BRIEF DESCRIPTION OF THE DRAWINGS

The invention can be best understood by those having ordinary skill in the art by reference to the following detailed description when considered in conjunction with the accompanying drawings in which:

FIG. 1 illustrates a data connection diagram of the estimation and quoting system.

FIG. 2 illustrates a schematic view of a typical cell phone.

FIG. 3 illustrates a schematic view of a typical computer system such as a server or personal computer.

FIG. 4 illustrates a first user interface of the estimation and quoting system.

FIG. 5 illustrates a second user interface of the estimation and quoting system.

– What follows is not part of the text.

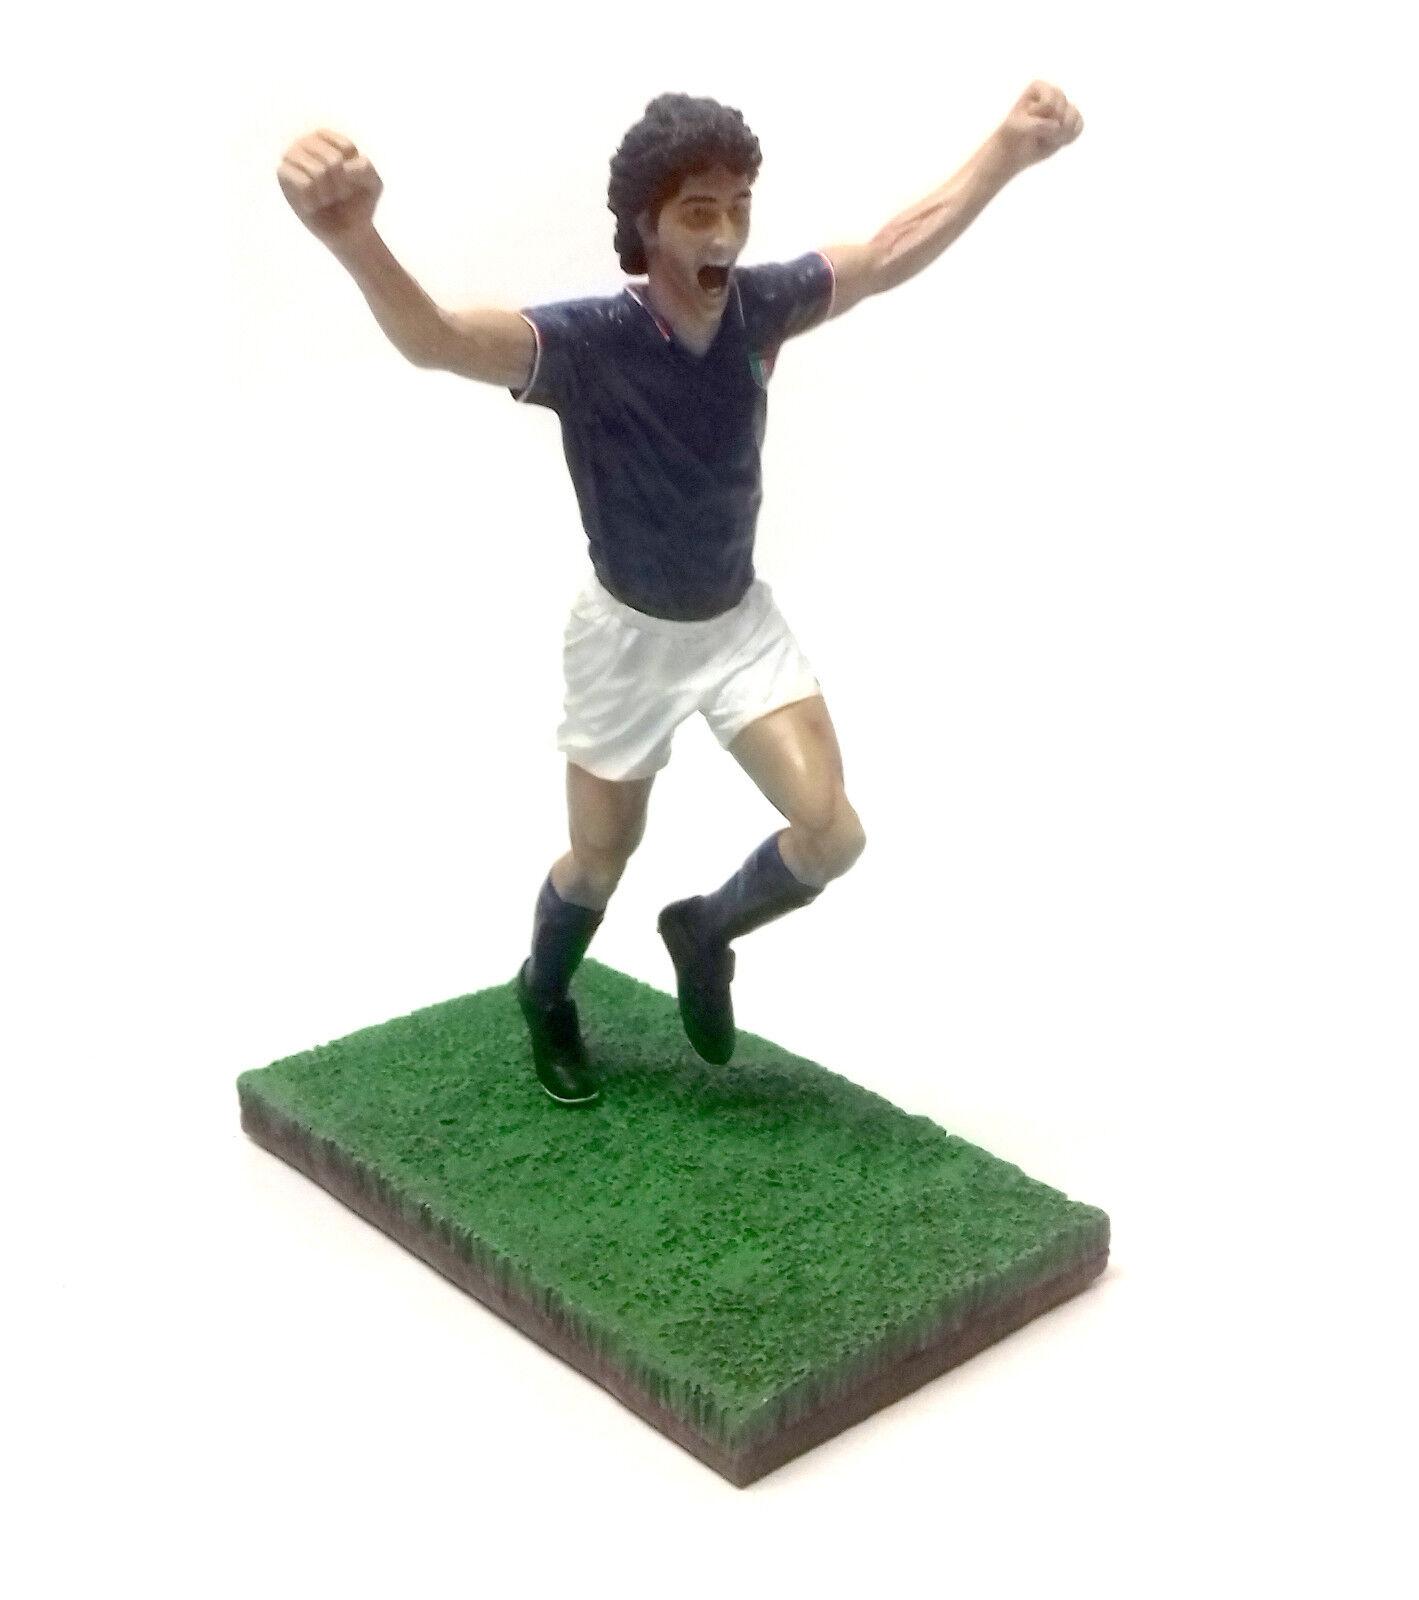 Fanatico Football 1 9 Resin Statue Sport Figure  PAOLO ROSSI de l'Italie, coupe du monde  marque

FIG. 6 illustrates a third user interface of the estimation and quoting system.

FIG. 7 illustrates a fourth user interface of the estimation and quoting system.

FIG. 8 illustrates a fifth user interface of the estimation and quoting system.

FIG. 9 illustrates a sixth user interface of the estimation and quoting system.

FIG. 10 illustrates a seventh user interface of the estimation and quoting system.

FIG. 11 illustrates an eighth user interface of the estimation and quoting system.

FIG. 12 illustrates a ninth user interface of the estimation and quoting system.

FIG. 13 illustrates a tenth user interface of the estimation and quoting system.

FIG. 14 illustrates an eleventh user interface of the estimation and quoting system.

FIG. 15 illustrates a twelfth user interface of the estimation and quoting system.

FIG. 16 illustrates an exemplary program flow of the estimation and quoting system.

FIG. 17 illustrates a second exemplary program flow of the estimation and quoting system.

FIG. 18 illustrates a third exemplary program flow of the estimation and quoting system.

DETAILED DESCRIPTION

Reference will now be made in detail to the presently preferred embodiments of the invention, examples of which are illustrated in the accompanying drawings. Throughout the following detailed description, the same reference numerals refer to the same elements in all figures.

In general, the estimation and quoting system accesses an aerial photograph or satellite image and displays such on a display of a computer device. Onto that image, a salesperson indicates location, type, and specification of various fixtures that exist on the property and, once complete, the system for outdoor estimation used up-to-date replacement fixture cost and installation cost data to generate a proposal. Utilizing local electricity costs, the system for outdoor estimation also generates an estimated break-even date (time to break even), indicating when the replacement fixtures will pay for themselves. Although the term “sales person” is used throughout to indicate the person who utilizes the system for outdoor estimation and enters the data, there is no restriction as to who or the type of person who will perform such activities.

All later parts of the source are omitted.